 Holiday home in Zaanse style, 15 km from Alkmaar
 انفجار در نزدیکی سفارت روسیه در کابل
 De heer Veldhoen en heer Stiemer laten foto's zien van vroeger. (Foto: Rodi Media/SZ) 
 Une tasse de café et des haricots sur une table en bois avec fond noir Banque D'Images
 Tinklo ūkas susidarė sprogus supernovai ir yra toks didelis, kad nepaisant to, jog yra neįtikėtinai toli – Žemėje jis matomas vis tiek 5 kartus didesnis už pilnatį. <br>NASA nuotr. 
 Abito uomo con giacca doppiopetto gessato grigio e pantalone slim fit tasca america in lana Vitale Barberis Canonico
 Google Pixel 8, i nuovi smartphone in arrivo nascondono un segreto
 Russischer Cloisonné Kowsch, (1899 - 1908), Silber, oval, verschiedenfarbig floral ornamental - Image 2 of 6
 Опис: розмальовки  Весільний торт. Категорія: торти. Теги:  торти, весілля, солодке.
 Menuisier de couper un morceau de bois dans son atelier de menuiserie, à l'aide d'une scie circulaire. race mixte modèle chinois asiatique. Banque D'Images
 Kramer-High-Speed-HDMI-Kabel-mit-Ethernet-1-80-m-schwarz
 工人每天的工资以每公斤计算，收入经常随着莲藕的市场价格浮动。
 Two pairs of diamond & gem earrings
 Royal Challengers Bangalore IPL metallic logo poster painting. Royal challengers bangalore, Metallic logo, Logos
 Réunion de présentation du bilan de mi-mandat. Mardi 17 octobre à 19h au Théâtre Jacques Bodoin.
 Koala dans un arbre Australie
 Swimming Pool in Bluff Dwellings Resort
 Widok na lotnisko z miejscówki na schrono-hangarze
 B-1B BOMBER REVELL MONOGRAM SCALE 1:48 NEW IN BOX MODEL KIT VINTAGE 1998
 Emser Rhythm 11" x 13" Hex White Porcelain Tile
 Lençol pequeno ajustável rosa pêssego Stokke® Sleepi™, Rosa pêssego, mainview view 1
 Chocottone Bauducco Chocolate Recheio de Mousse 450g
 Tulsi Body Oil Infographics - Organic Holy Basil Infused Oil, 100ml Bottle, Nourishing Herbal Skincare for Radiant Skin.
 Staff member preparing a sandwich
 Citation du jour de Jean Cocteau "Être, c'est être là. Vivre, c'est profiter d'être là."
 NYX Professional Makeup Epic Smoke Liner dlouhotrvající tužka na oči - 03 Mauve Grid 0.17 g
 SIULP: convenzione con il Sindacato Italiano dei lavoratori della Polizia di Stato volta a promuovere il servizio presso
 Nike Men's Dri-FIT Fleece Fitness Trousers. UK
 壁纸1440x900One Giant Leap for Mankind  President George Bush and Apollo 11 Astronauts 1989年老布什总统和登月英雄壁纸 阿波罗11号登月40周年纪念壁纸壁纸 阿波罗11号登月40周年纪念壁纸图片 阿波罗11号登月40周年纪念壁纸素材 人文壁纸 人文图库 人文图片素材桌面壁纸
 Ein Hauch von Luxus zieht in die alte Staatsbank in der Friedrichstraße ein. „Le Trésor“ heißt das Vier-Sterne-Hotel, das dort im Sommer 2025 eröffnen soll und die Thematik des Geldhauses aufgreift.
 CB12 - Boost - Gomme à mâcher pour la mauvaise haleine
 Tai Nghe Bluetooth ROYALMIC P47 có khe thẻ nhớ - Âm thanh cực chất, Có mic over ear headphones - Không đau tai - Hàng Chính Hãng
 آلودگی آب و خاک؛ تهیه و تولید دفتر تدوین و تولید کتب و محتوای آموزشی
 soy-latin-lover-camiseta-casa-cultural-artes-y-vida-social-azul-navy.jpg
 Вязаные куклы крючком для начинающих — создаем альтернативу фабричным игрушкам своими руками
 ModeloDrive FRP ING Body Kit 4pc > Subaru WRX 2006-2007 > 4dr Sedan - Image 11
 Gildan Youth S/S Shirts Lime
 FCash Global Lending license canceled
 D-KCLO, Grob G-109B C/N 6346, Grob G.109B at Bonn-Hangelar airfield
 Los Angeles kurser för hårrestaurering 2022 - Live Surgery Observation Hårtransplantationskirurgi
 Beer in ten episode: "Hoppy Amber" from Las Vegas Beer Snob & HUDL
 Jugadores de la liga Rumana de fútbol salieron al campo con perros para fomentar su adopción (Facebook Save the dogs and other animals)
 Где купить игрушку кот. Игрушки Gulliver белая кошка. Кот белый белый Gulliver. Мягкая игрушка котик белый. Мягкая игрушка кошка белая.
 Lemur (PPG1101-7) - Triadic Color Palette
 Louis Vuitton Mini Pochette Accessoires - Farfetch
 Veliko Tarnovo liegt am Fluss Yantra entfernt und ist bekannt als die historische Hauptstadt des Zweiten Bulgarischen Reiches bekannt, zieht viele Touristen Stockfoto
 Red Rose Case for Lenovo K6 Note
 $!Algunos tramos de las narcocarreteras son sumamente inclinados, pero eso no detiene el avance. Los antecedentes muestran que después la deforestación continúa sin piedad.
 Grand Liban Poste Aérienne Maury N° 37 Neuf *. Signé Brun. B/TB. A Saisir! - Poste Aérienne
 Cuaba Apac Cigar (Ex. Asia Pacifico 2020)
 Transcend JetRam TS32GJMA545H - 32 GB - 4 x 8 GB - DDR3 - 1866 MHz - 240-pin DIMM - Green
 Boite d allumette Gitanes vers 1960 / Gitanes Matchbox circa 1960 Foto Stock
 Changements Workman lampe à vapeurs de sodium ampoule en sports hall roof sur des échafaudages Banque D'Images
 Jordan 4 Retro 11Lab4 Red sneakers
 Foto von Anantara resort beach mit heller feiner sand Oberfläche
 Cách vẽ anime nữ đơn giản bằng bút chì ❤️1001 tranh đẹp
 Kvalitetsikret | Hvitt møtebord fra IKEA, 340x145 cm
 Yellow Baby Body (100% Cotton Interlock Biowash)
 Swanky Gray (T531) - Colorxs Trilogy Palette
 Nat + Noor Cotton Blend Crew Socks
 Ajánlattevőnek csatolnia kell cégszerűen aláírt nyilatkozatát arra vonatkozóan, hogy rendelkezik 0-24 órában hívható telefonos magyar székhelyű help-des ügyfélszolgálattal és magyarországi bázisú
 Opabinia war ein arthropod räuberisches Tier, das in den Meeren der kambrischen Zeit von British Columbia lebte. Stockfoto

○ ○ ○ ○ ○ ○ ○

## Instructions for the task
Please count the lines of the entries above that include "Body" and give only the total.

## Answer to the exercise
3